▸ INPUT DATA

□ □ □ □ □

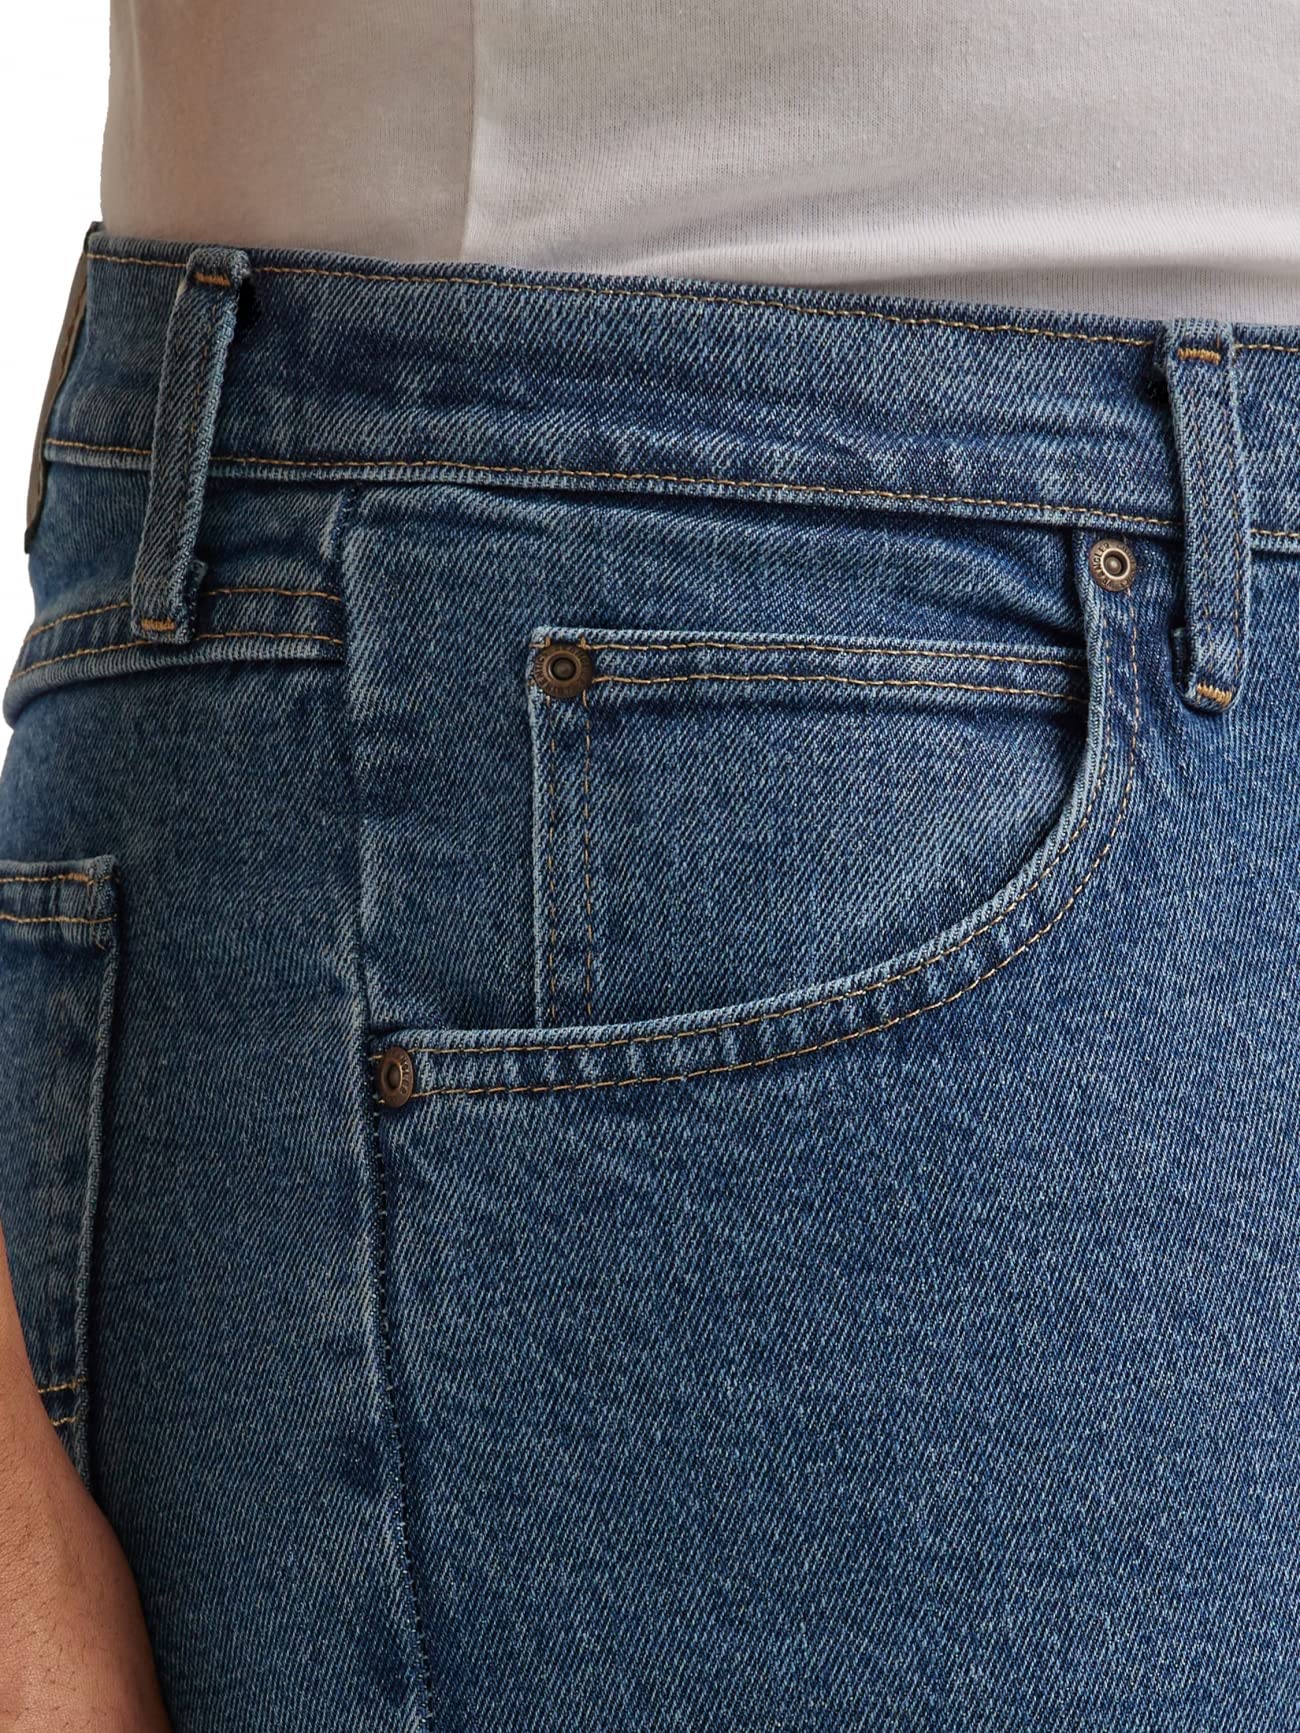 Wrangler Authentics Men's Classic 5-Pocket Relaxed Fit Jean, Dark Stonewash Flex, 36W x 30L
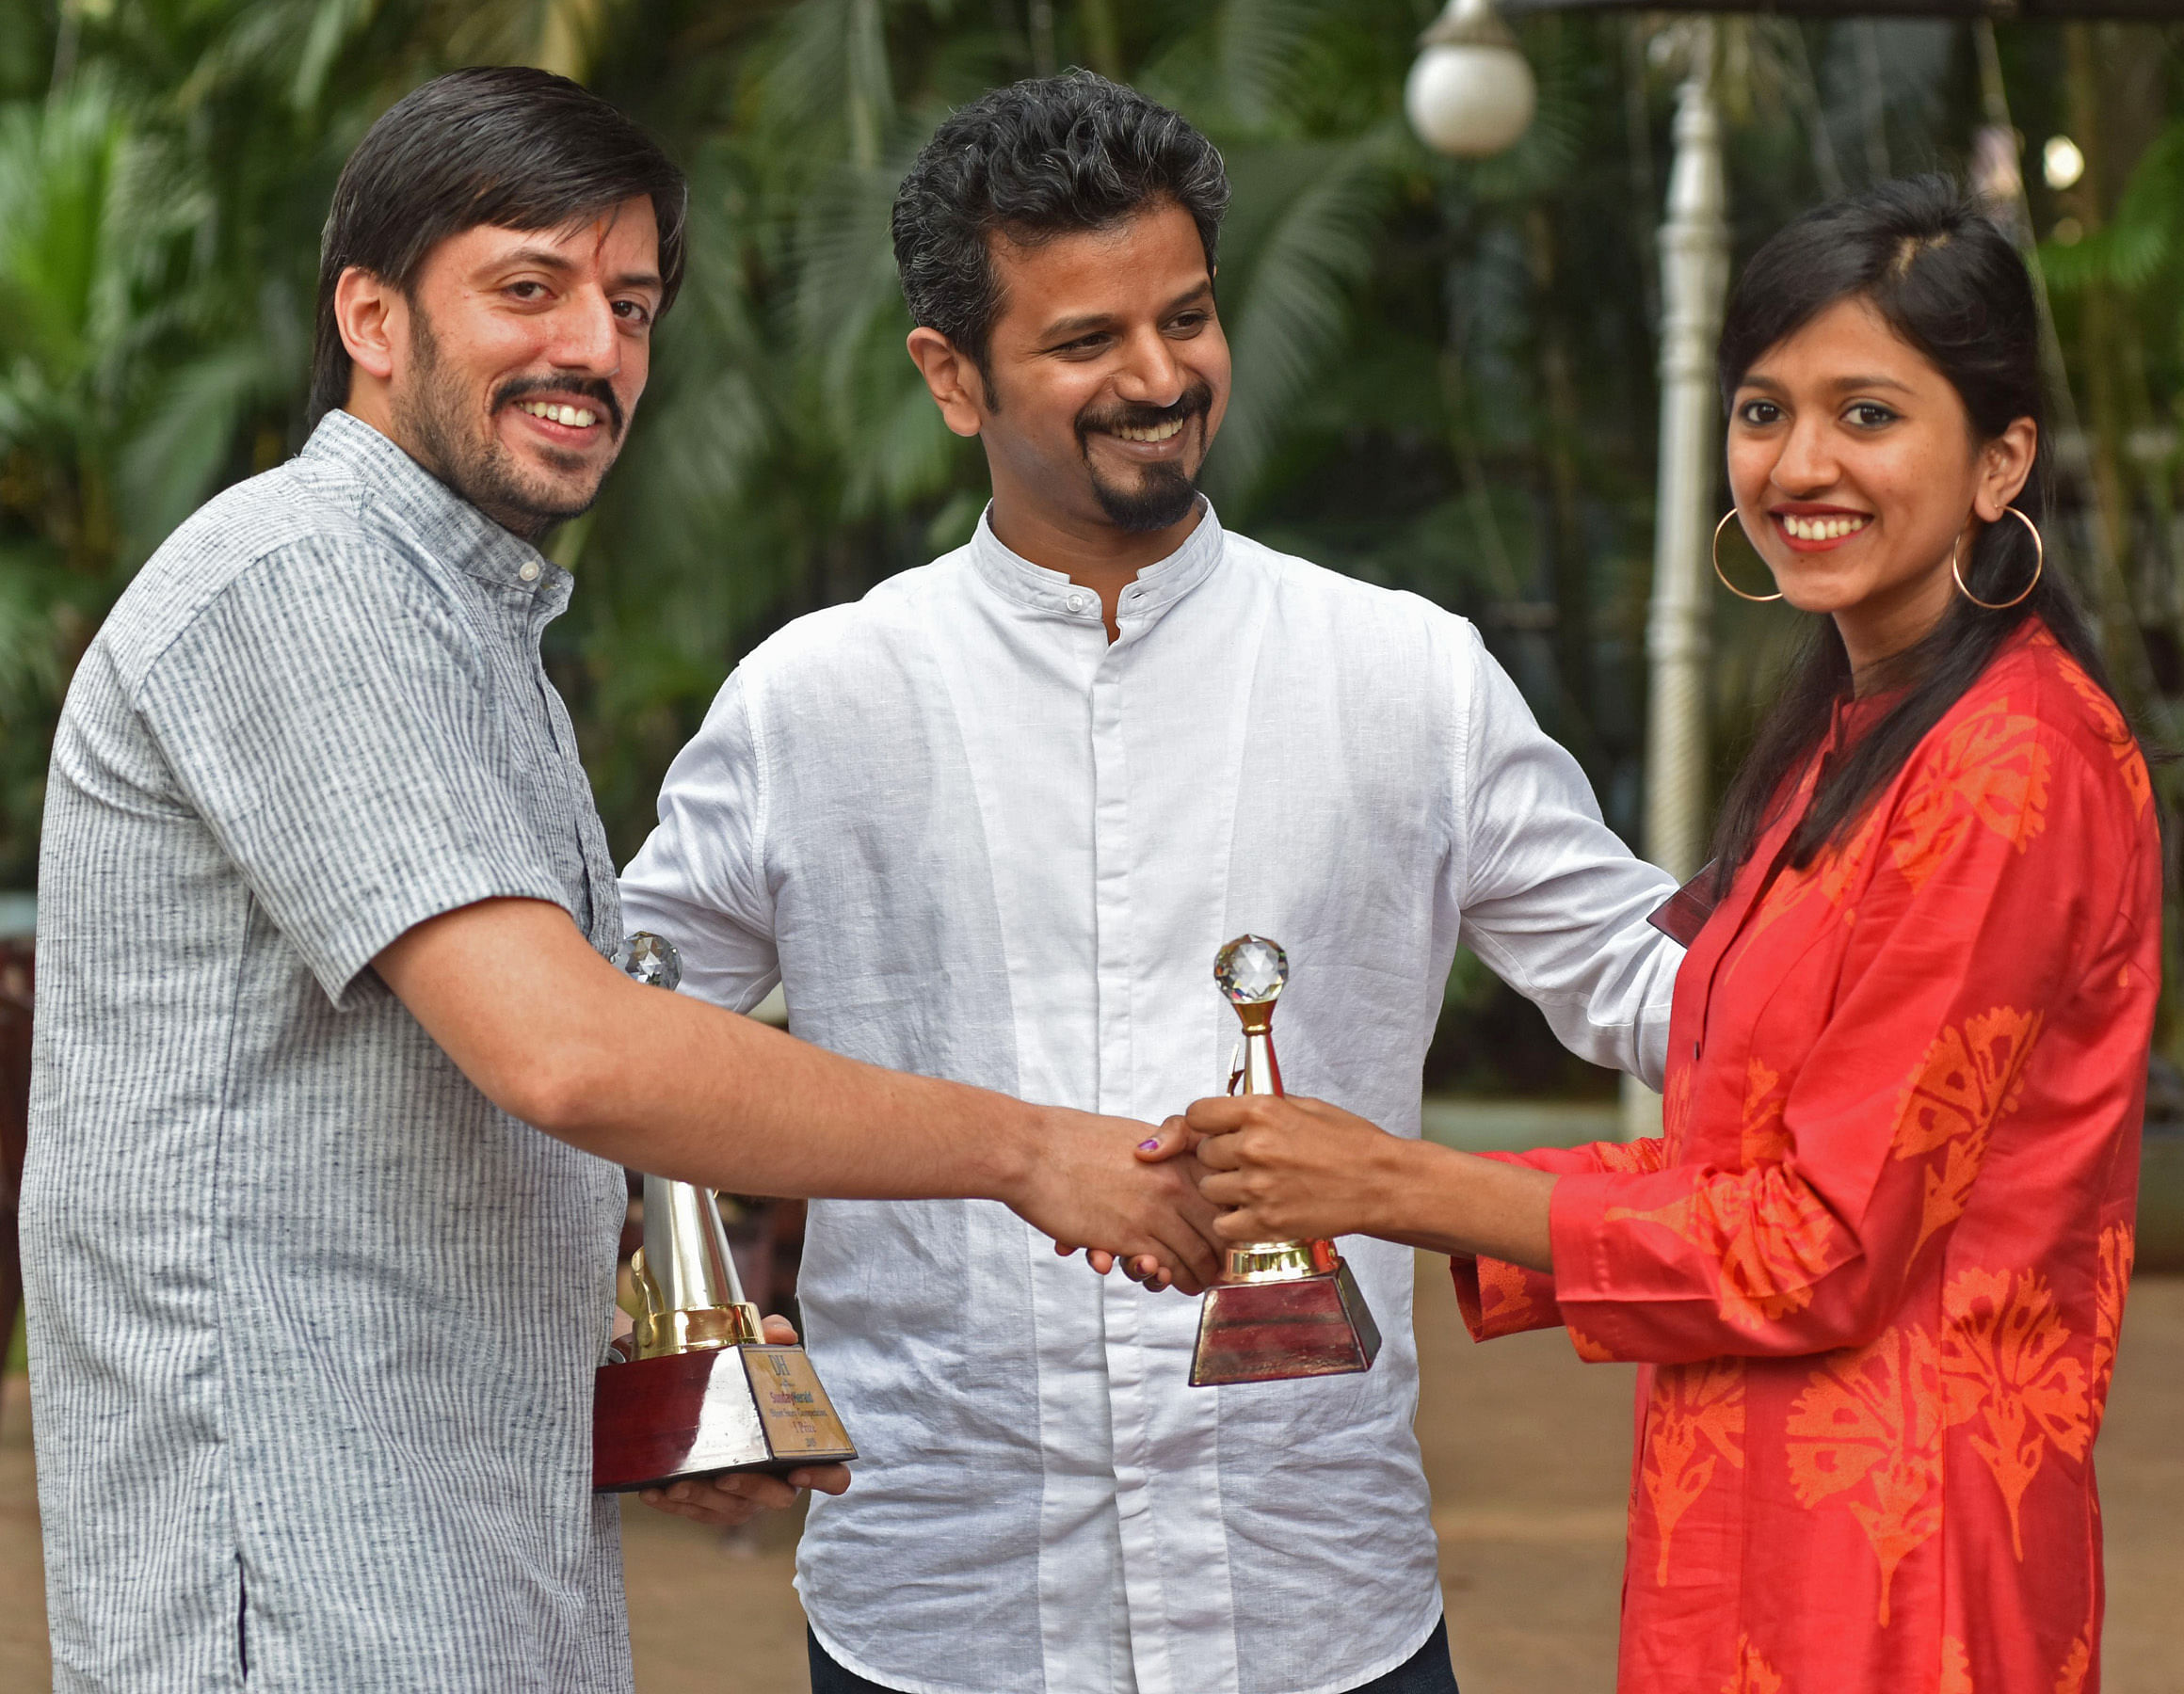 Srinivasa Gopala P K, Nikhil D Hegde and Sanjana M Vijayshankar, the winners of the competition.
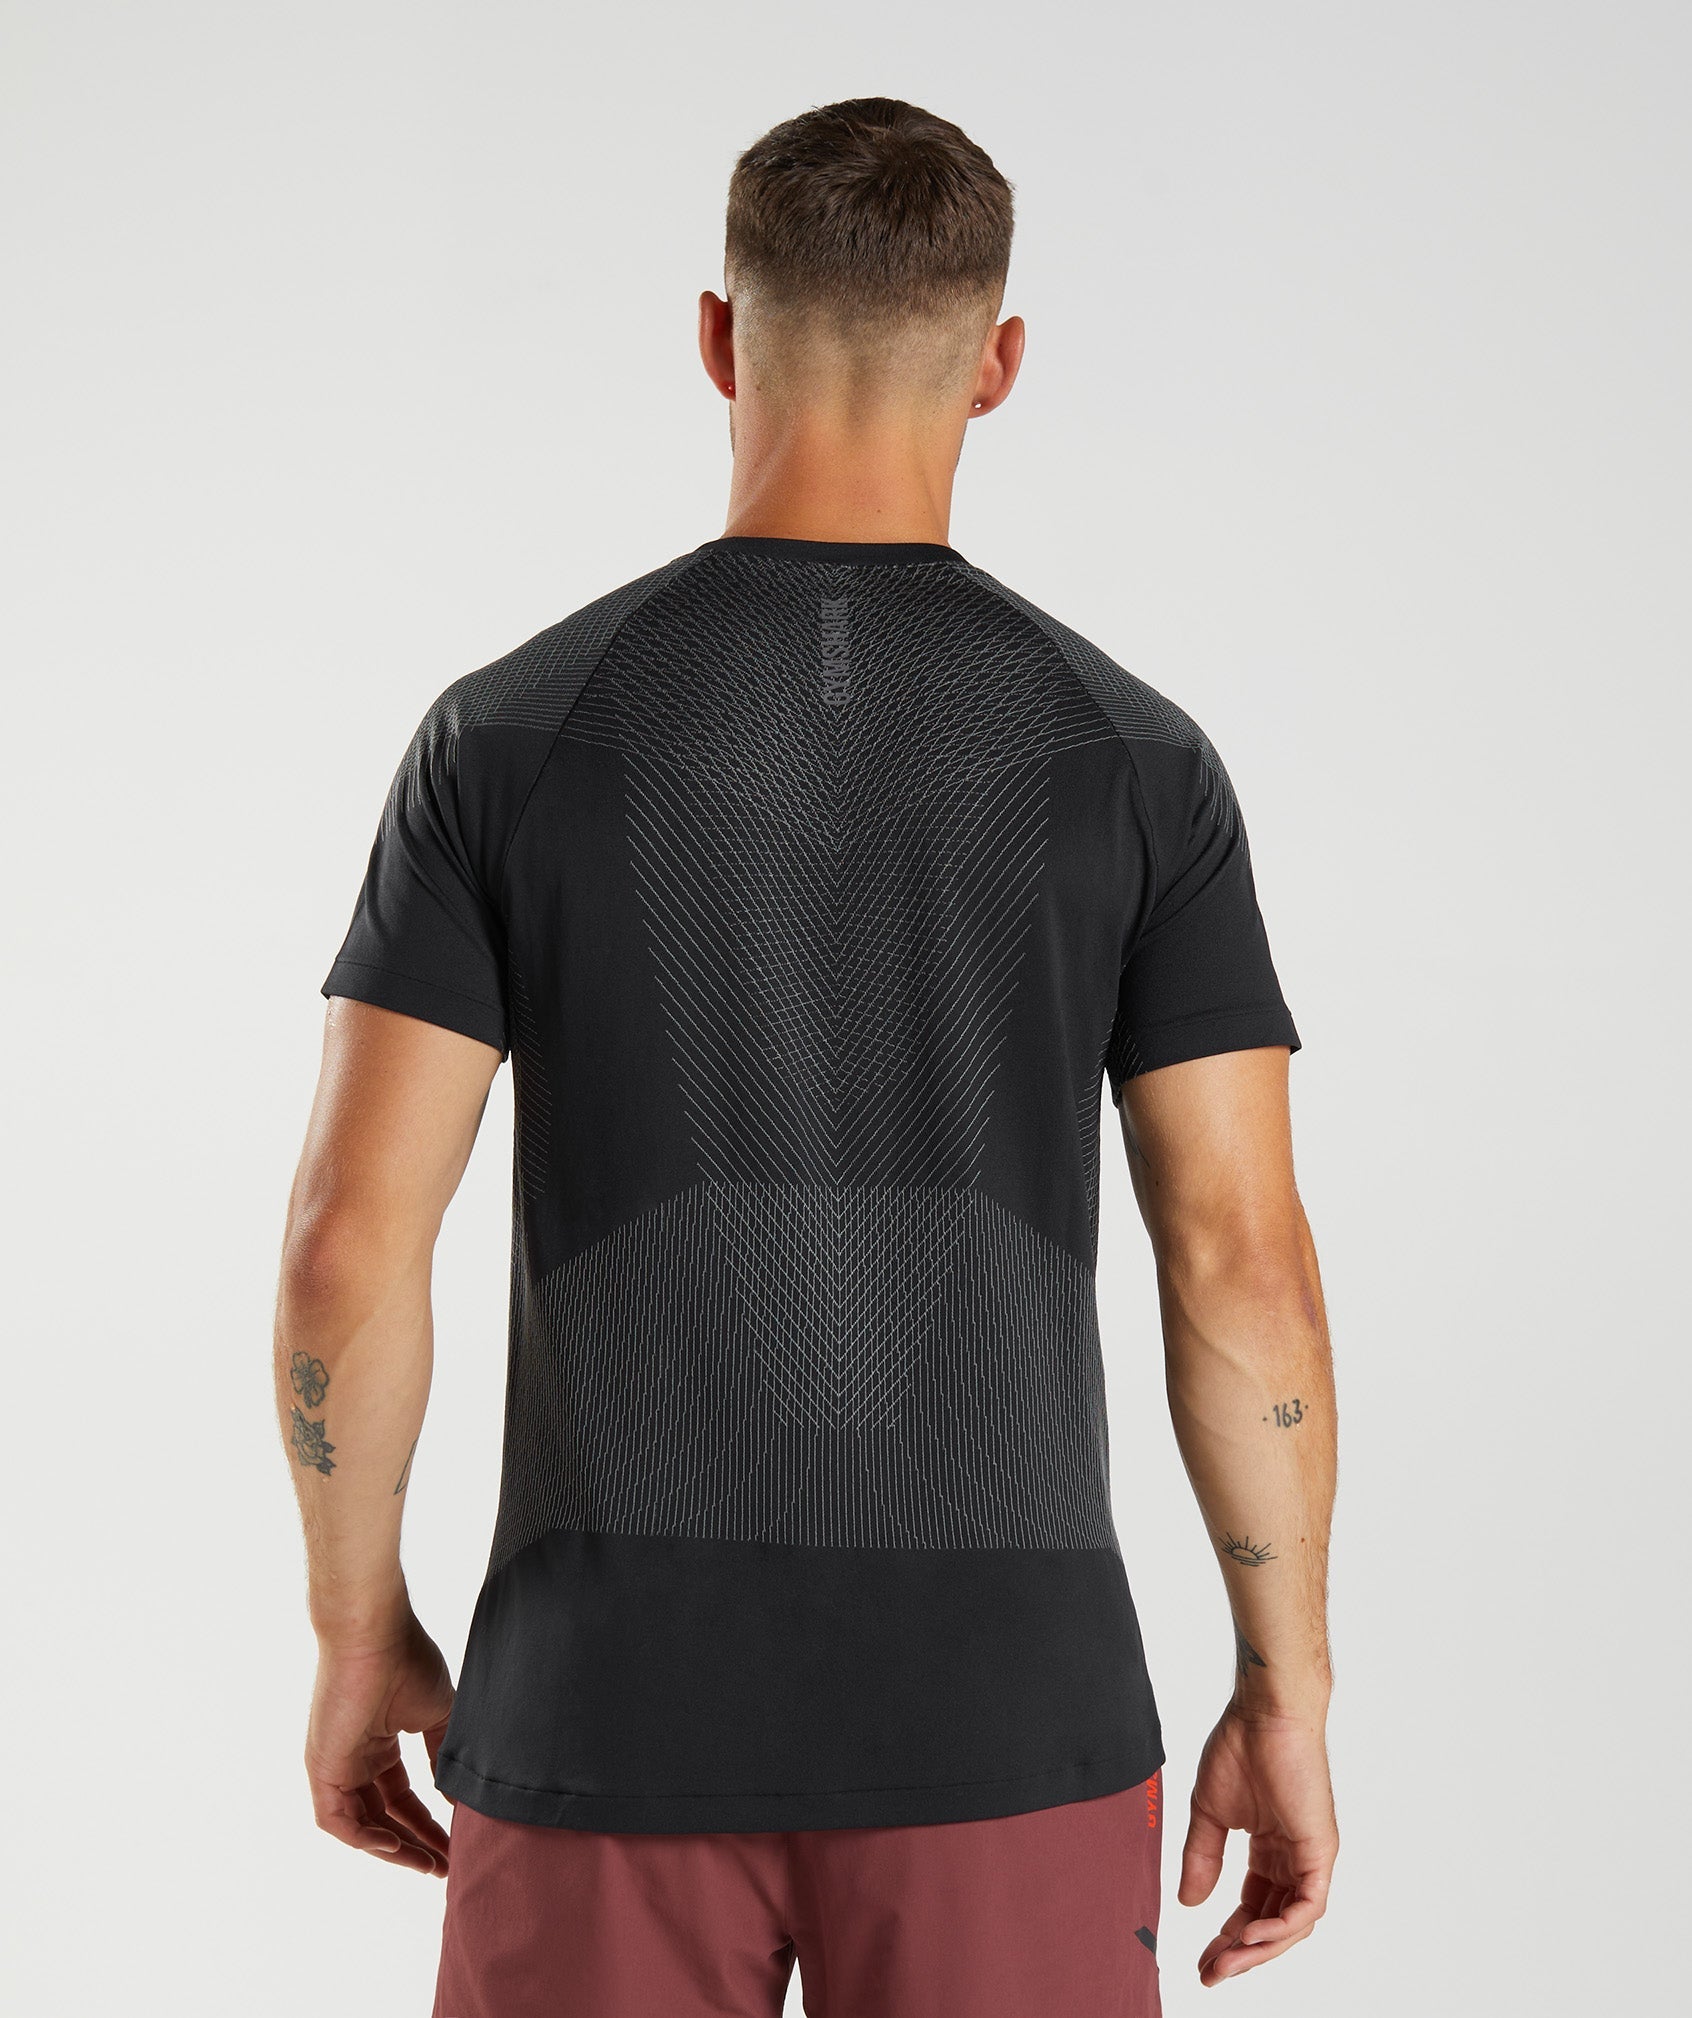 Apex Seamless T-Shirt in Black/Silhouette Grey

□ □ □ □ □

▸ WORK REQUEST
The expected result is the data above in exact form, free of pictures.

▸ RESULT FOR THIS EXERCISE
 Wrangler Authentics Men's Classic 5-Pocket Relaxed Fit Jean, Dark Stonewash Flex, 36W x 30L
 Srinivasa Gopala P K, Nikhil D Hegde and Sanjana M Vijayshankar, the winners of the competition.
 Apex Seamless T-Shirt in Black/Silhouette Grey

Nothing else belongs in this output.